Въ темнотѣ своей комнаты, отыскивая коробочку спичекъ, я съ горечью повторилъ про себя:
«Съ согласія графини… Мы не мало смѣялись!..»
XXII.
Становилось черезчуръ душно; не отъ жары, а отъ того воздуха, которымъ дышали въ Villino Ruffi. Все то же statu-duo тянулось изо-дня въ день. Надо было чѣмъ-нибудь его прикончить.
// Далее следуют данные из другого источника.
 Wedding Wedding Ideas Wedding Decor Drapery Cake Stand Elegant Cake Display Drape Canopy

Не знаю, выдержалъ ли бы я еще, еслибъ не поѣздка графа съ графиней въ Фьезоле.
Должно быть этой дорогѣ суждено было каждый разъ служить развязкѣ или, по крайнѣй мѣрѣ, приготовленіемъ къ ней.
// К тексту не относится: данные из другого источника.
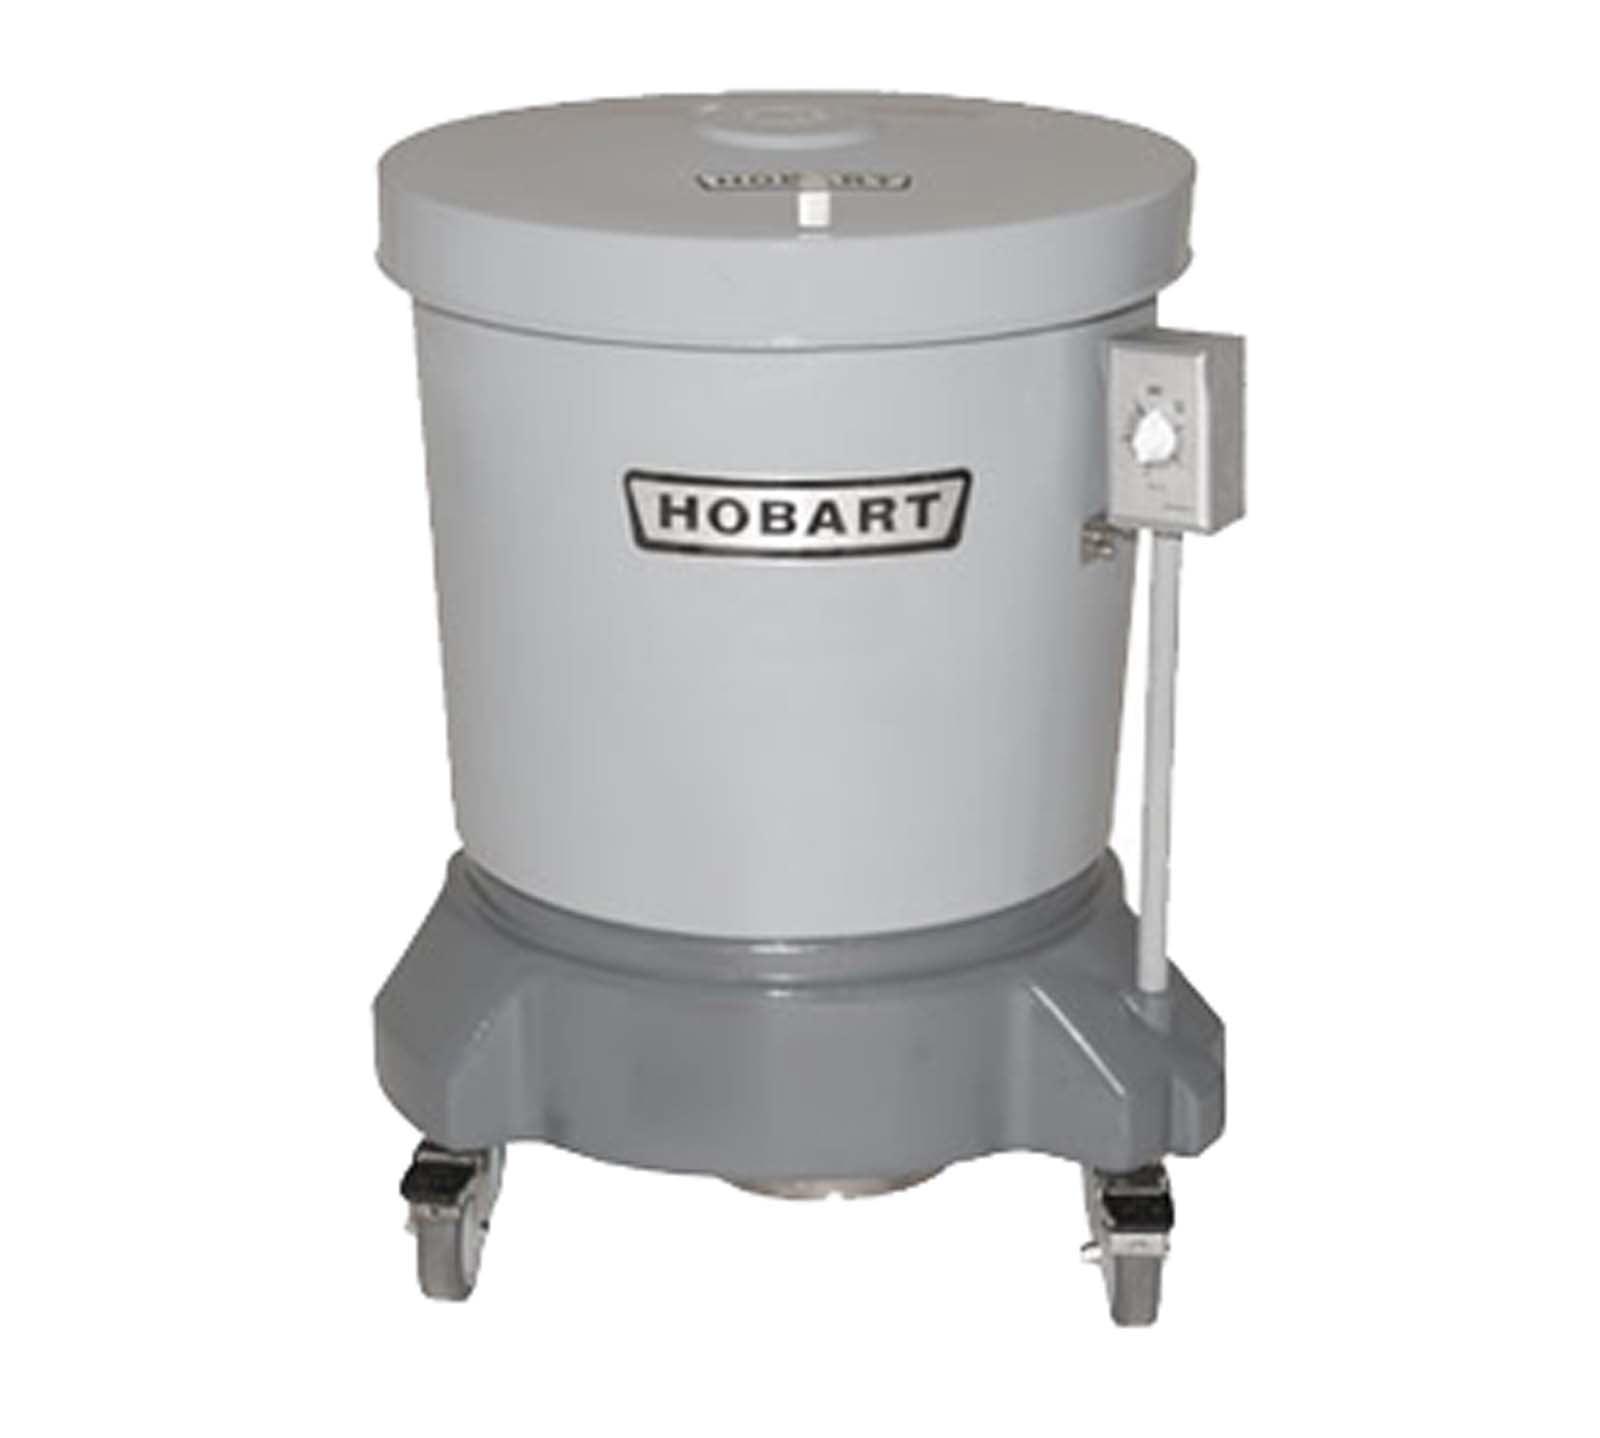 Hobart SDPE-11 Single Phase Polyethylene Salad Dryer with 20 Gallon Capacity by

Графъ два дня сряду приставалъ къ женѣ, приглашая ее отправиться вдвоемъ куда-нибудь въ окрестности. Она предлагала ему общій пикникъ «съ дѣтьми», но онъ упорно держался своего плана и такъ поставилъ этотъ вопросъ, что она согласилась съ видимой неохотой.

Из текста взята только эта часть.